Assignment: Nothing but the lines from the one containing "Battletoads (2019). Desktop" through the last line of the data below should be returned, each exactly as it stands, pictures excluded.

The data:
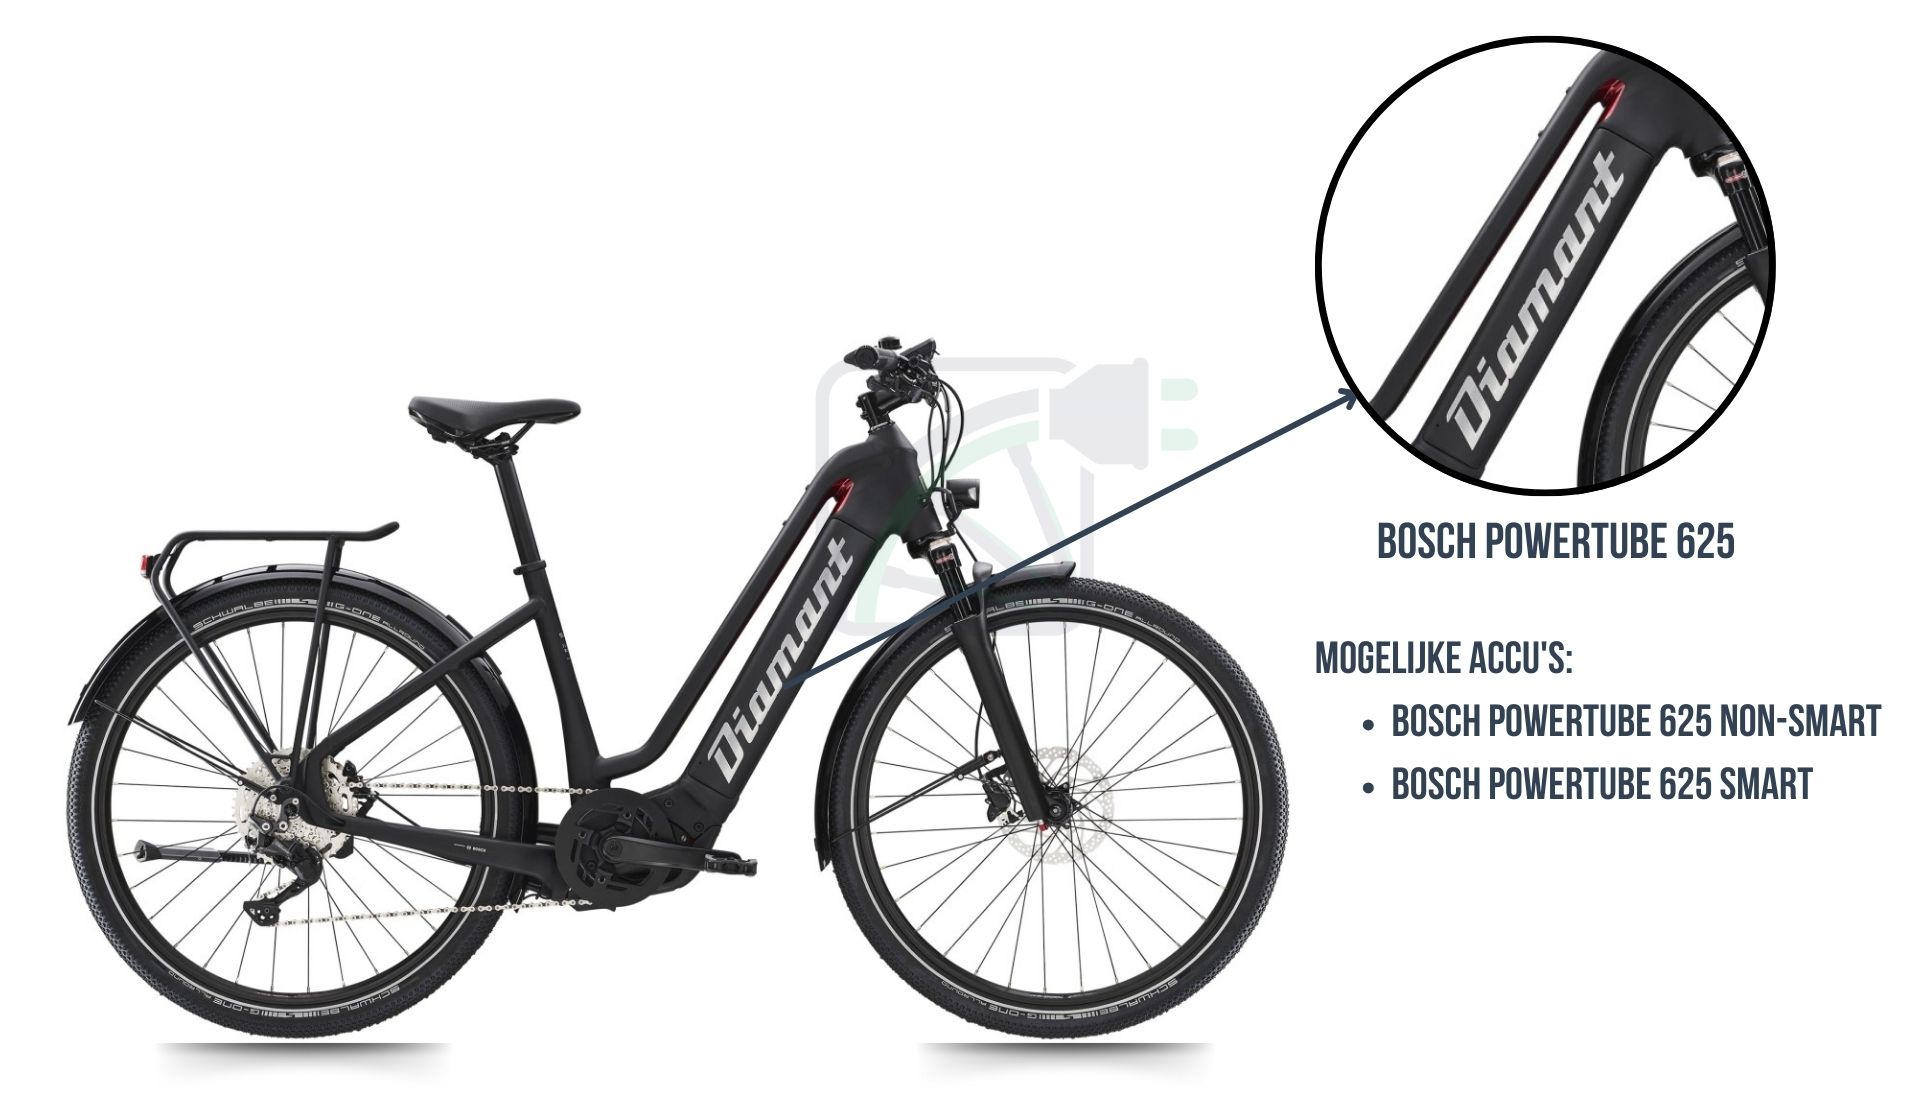 De Diamant Zouma elektrische fiets met daarbij uitgelicht welke fietsaccu er bij deze fiets hoort. Dit is namelijk de Bosch Powertube 625 SMART of de Bosch Powertube 625 non-SMART.
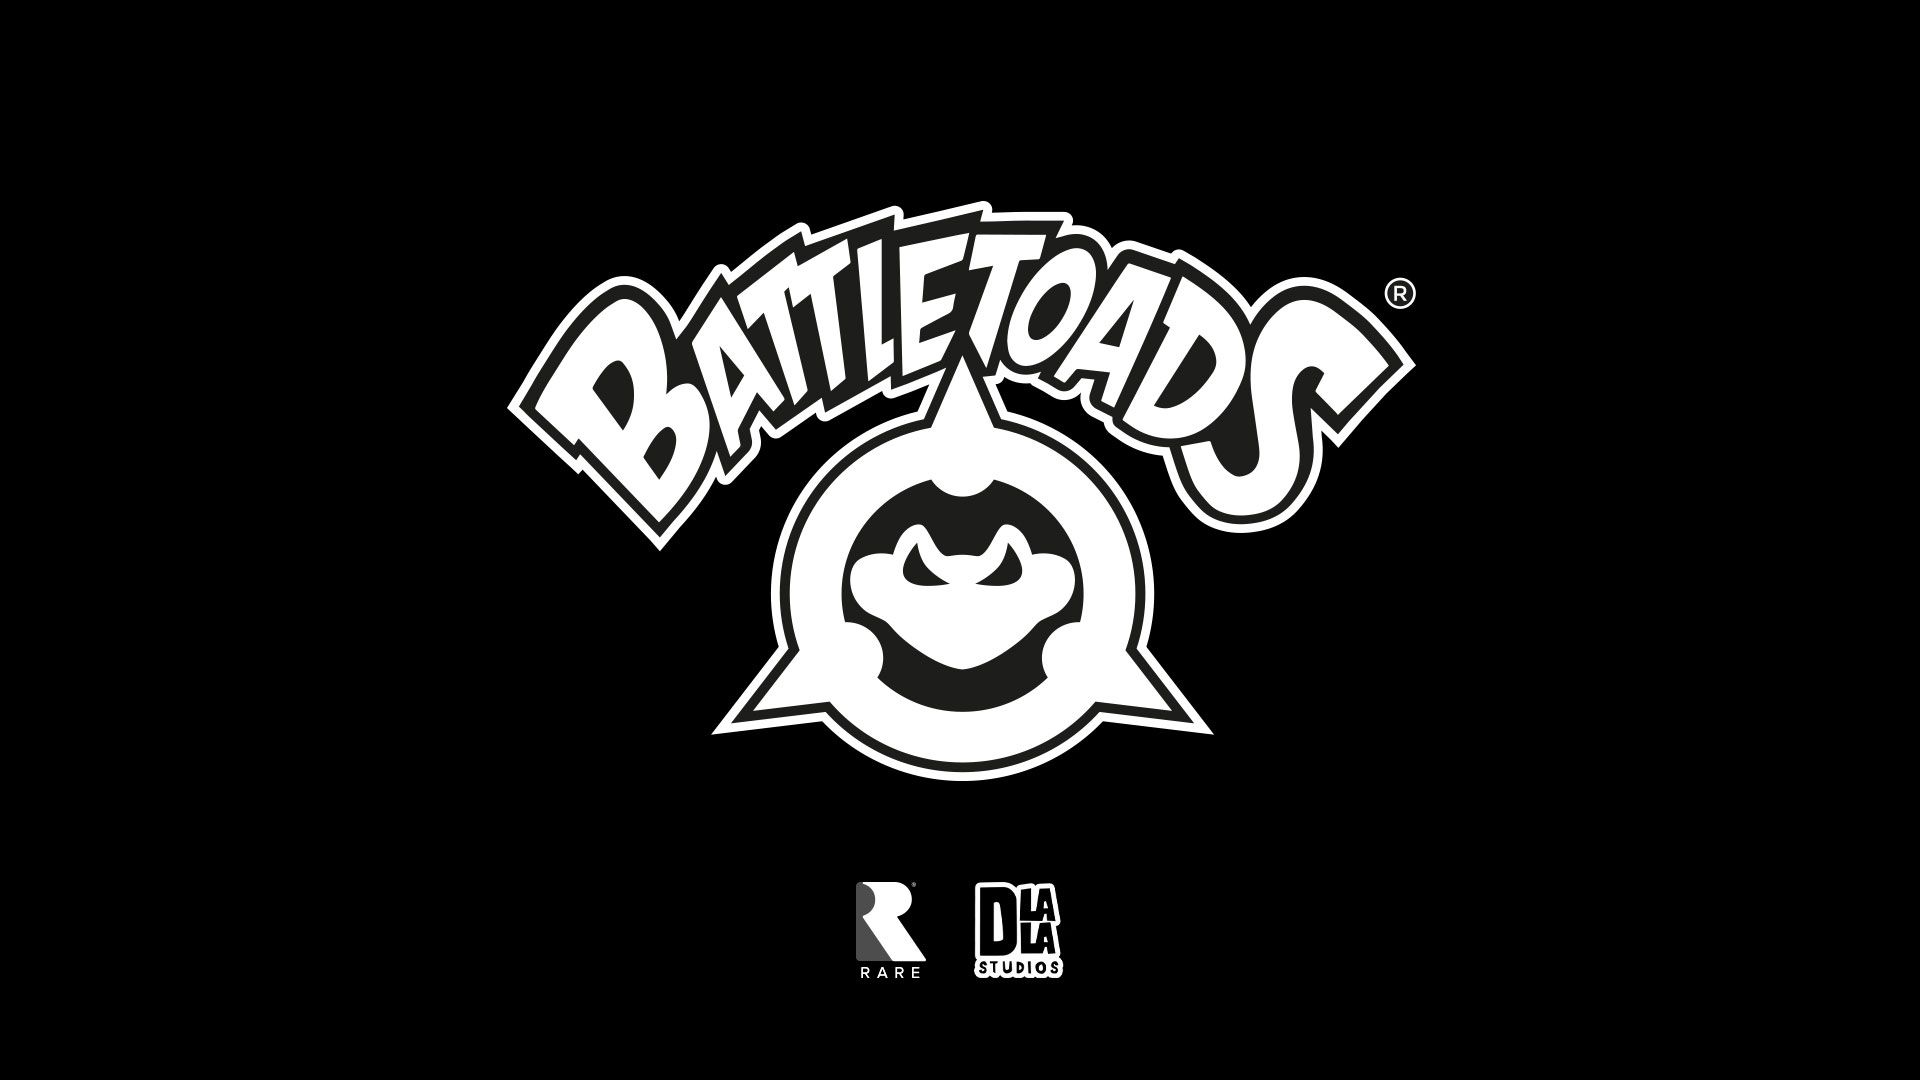 Battletoads (2019). Desktop wallpaper. 1920x1080
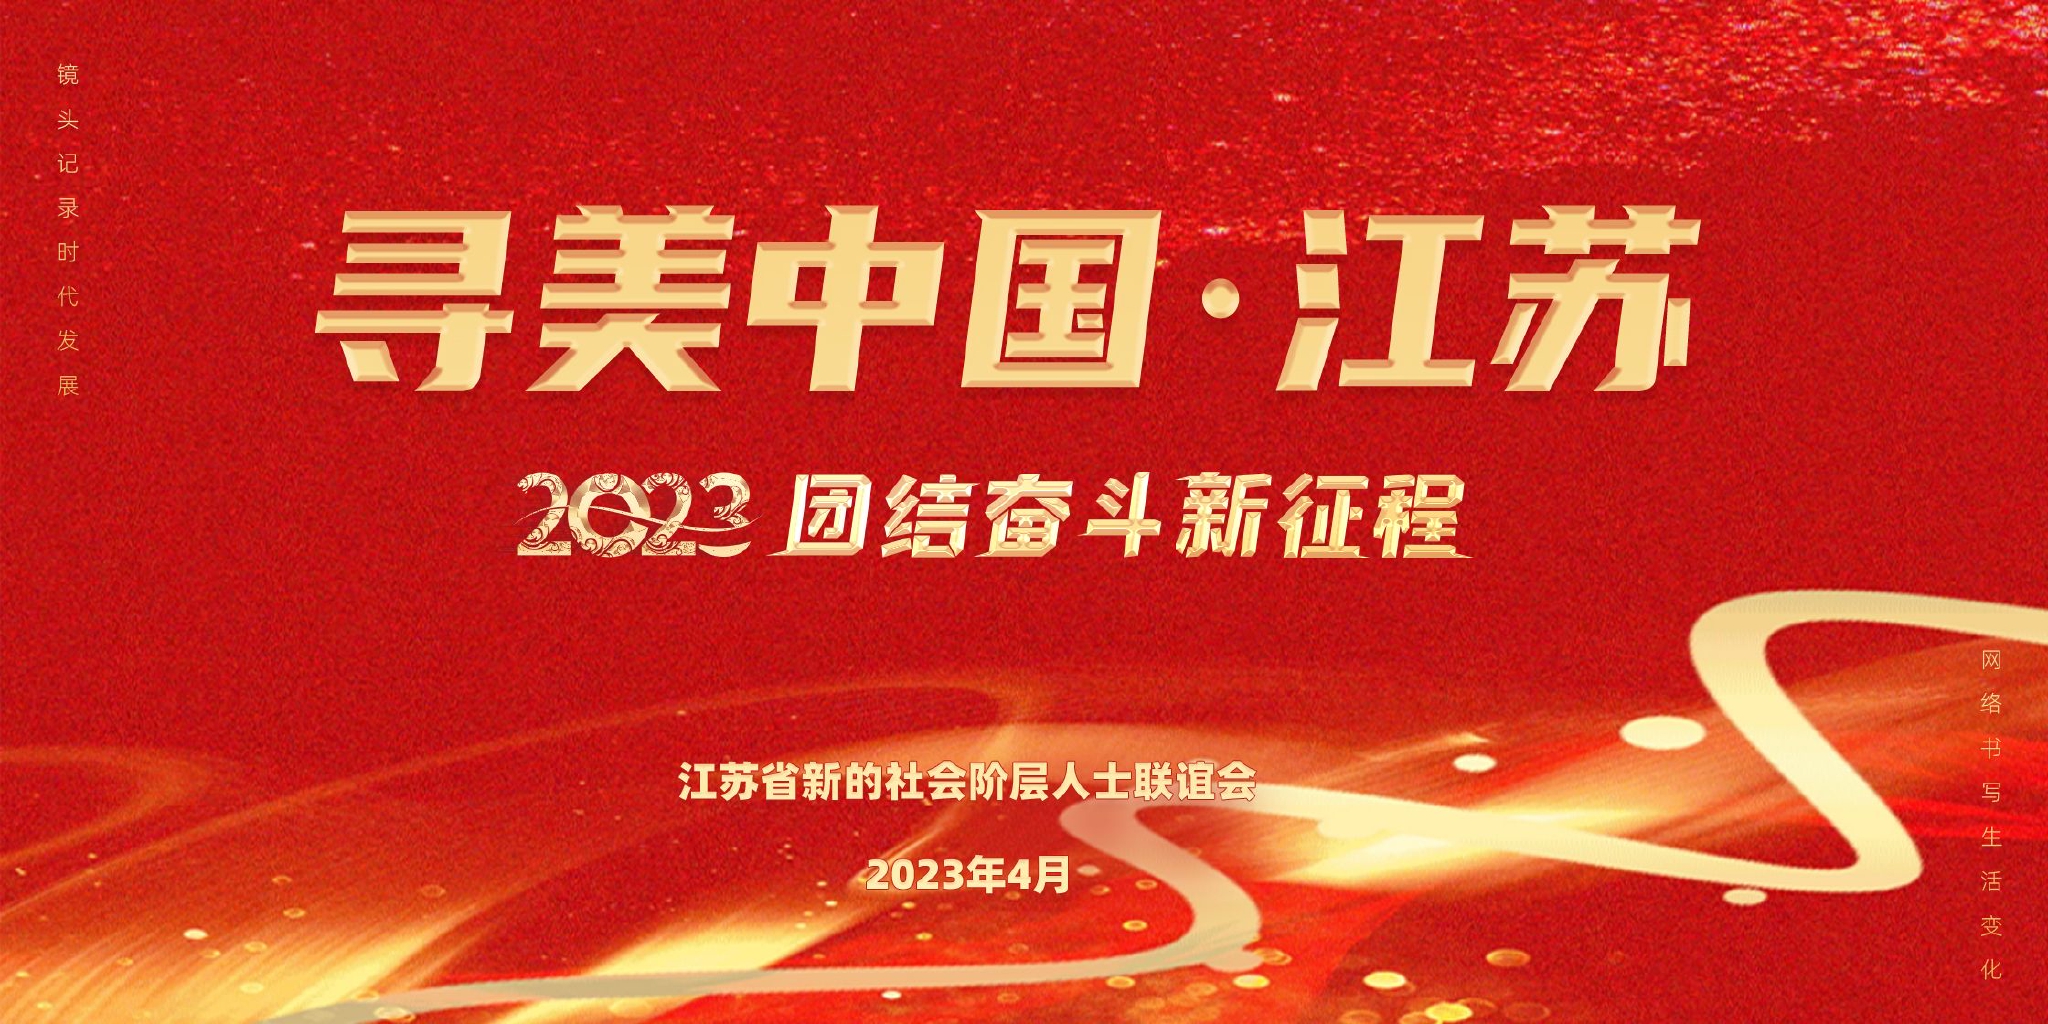 凝聚新力量 筑梦新时代——2023年“寻美中国·江苏”主题活动启动大会在南京举行

Completed exercise:
 Battletoads (2019). Desktop wallpaper. 1920x1080
 凝聚新力量 筑梦新时代——2023年“寻美中国·江苏”主题活动启动大会在南京举行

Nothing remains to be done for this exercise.